去年、グリモールド・プレイスで出会ったトンクスは若くて優秀な闇払いと言うだけでなく、明るく活発な人だった。『七変化』という自分の外見を自由に変えられる特技を活かして、ハーマイオニーやジニーをしょっちゅう笑わせていたのに、今のトンクスからはその面影の「お」の字も見えない。
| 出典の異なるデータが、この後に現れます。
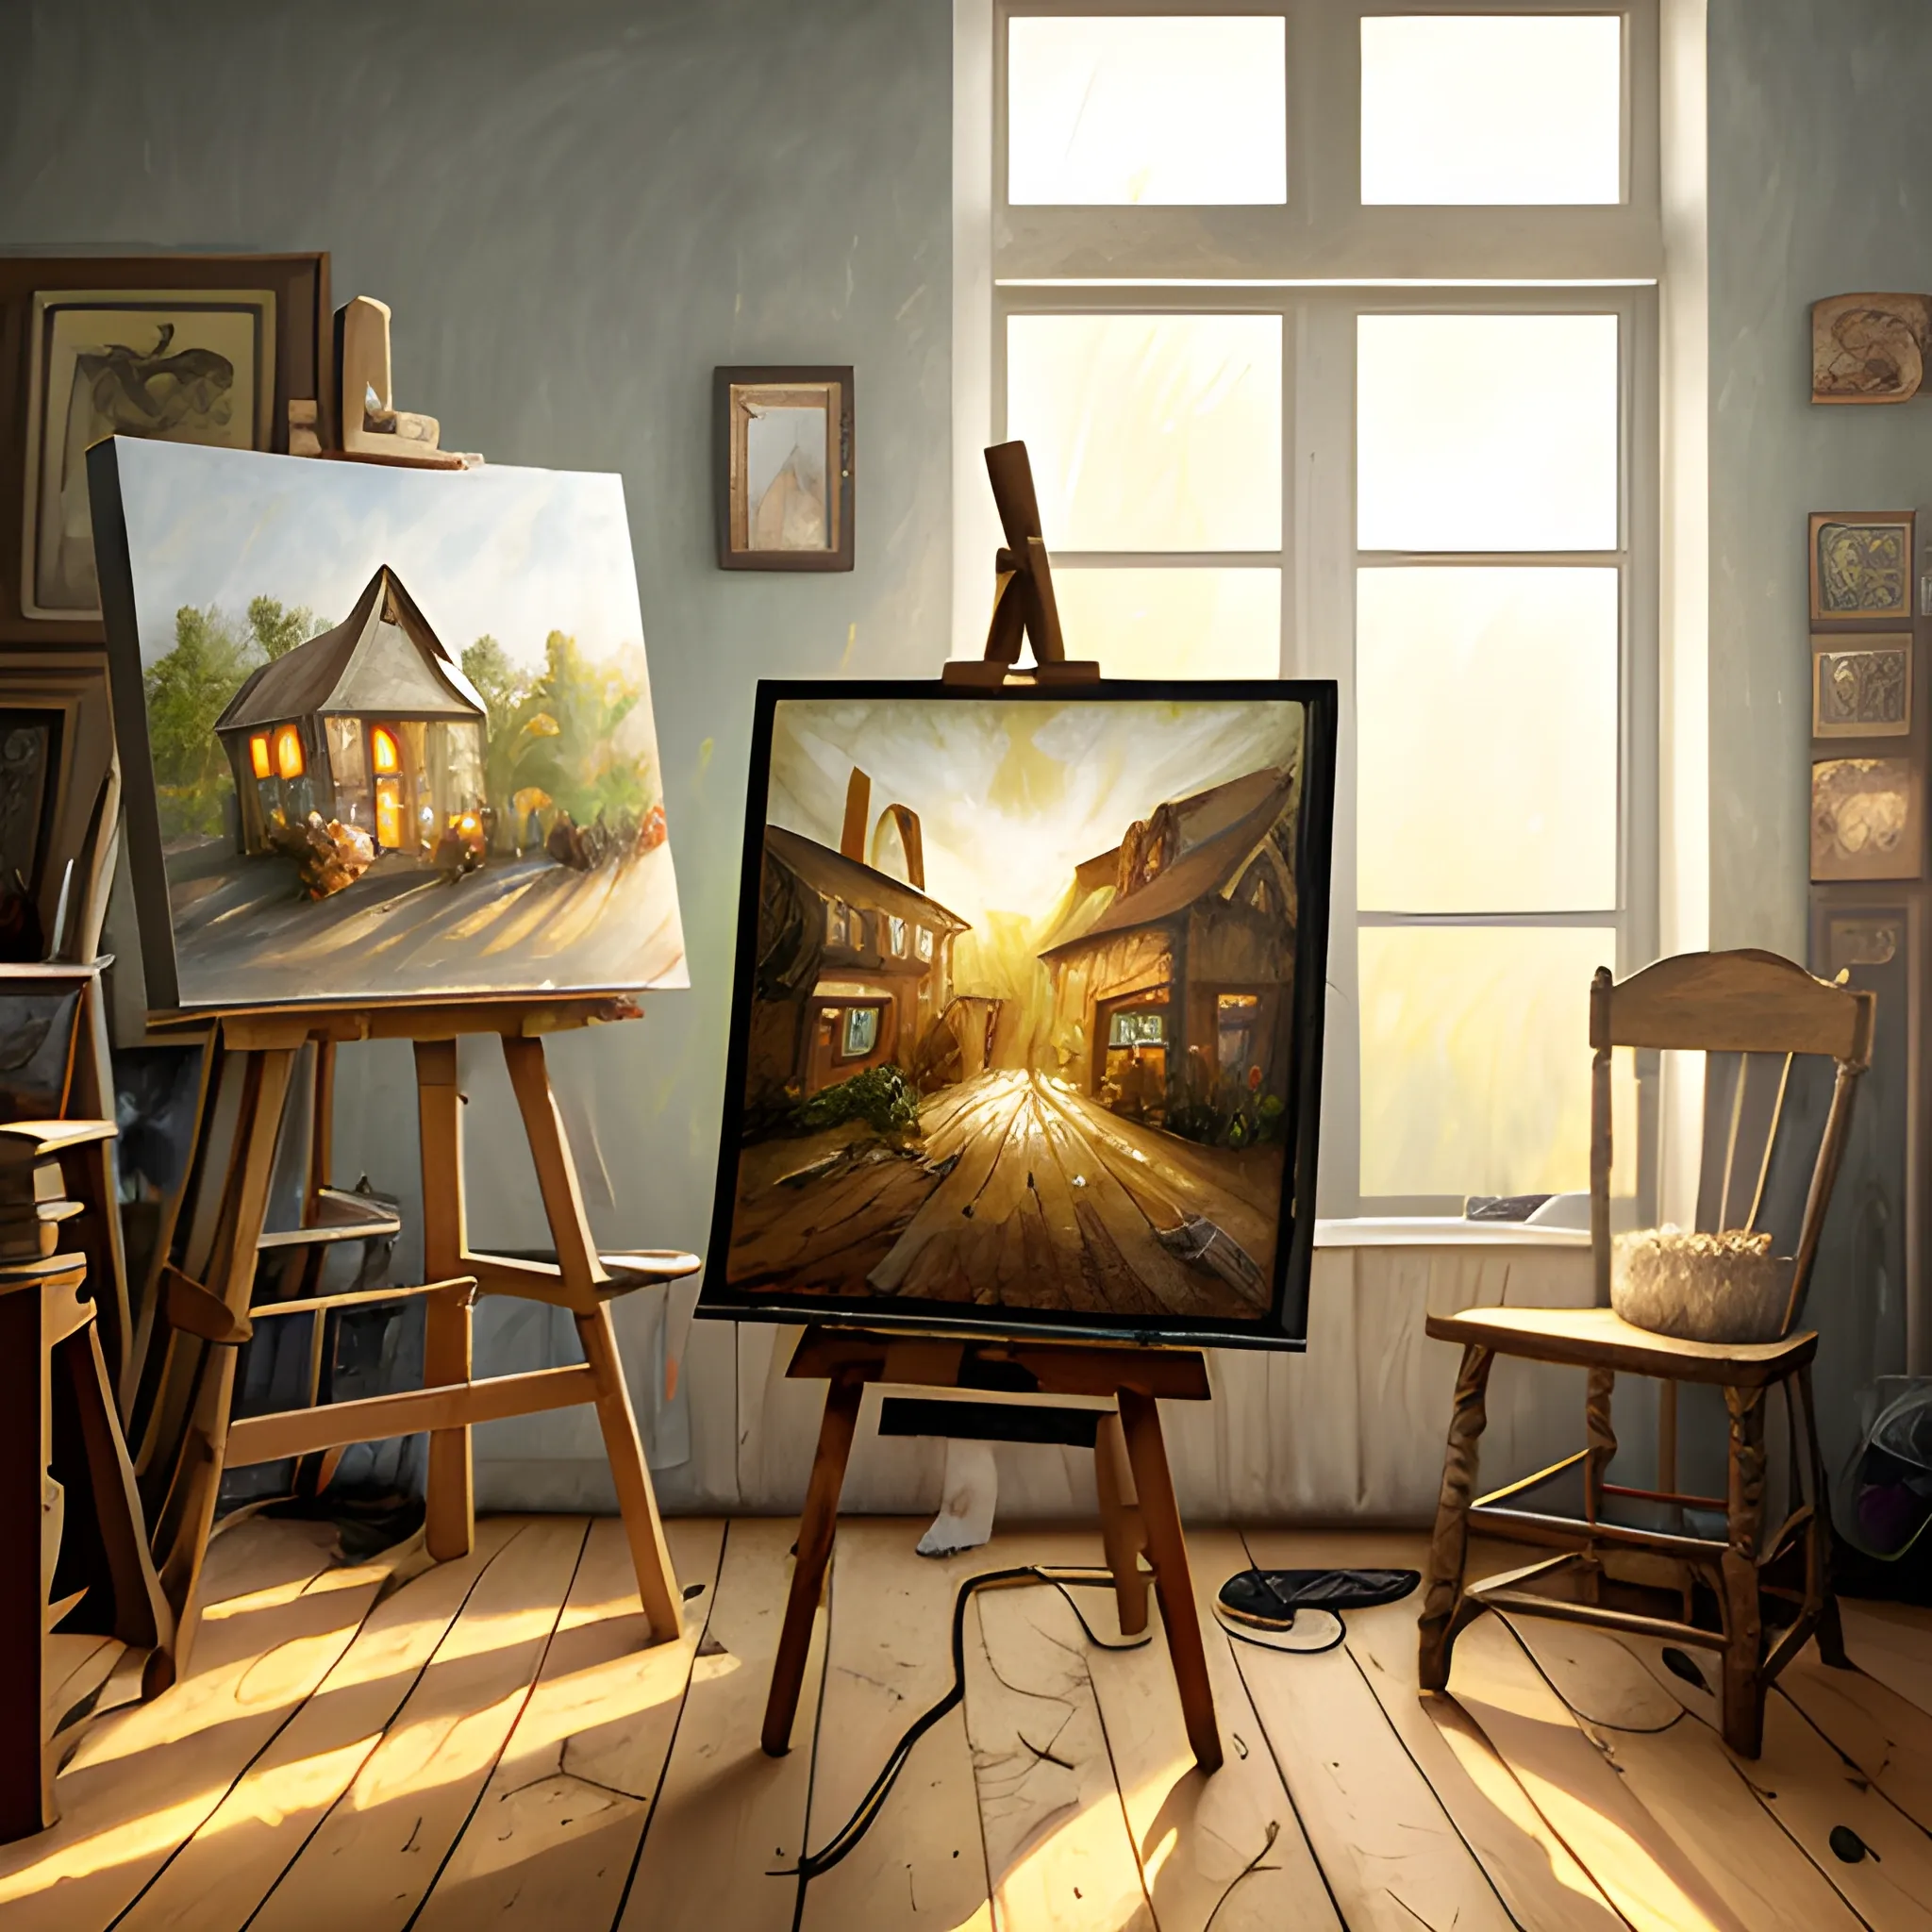 expressive rustic oil painting, interior view of a artist's studio, easel with painting in progresswaxy candles, cabinets, wood furnishings, herbs hanging, wood chair, light bloom, dust, paintings all round the room, very crowded, 
, ambient occlusion, morning, rays of light coming through windows, dim lighting, brush strokes oil painting

髪は色あせた風船ガムの様な色をしており、無理やり笑った仕草がやつれた顔をより一層際立たせた。
「どうしたの、トンクス?」
「はい、これ。ダンブルドアから預かって来たんだ。先学期の『O・W・L試験』の結果だよ」
「うそっ!だって予定じゃ明日ってっ……!」
「だから、直接預かって来たんだって。それじゃあ、よい週末を」
そう言ってトンクスはため息と共に部屋を出て行った。ハーマイオニーは手紙を受け取ると、戦々恐々と言った顔で、封筒を何度も何度も見返している。
逆にクリスは、筆記はさておき、実技は落第決定だと分かっていたので、何の期待もなく封を開けた。その途端ハーマイオニーが奇声を発した。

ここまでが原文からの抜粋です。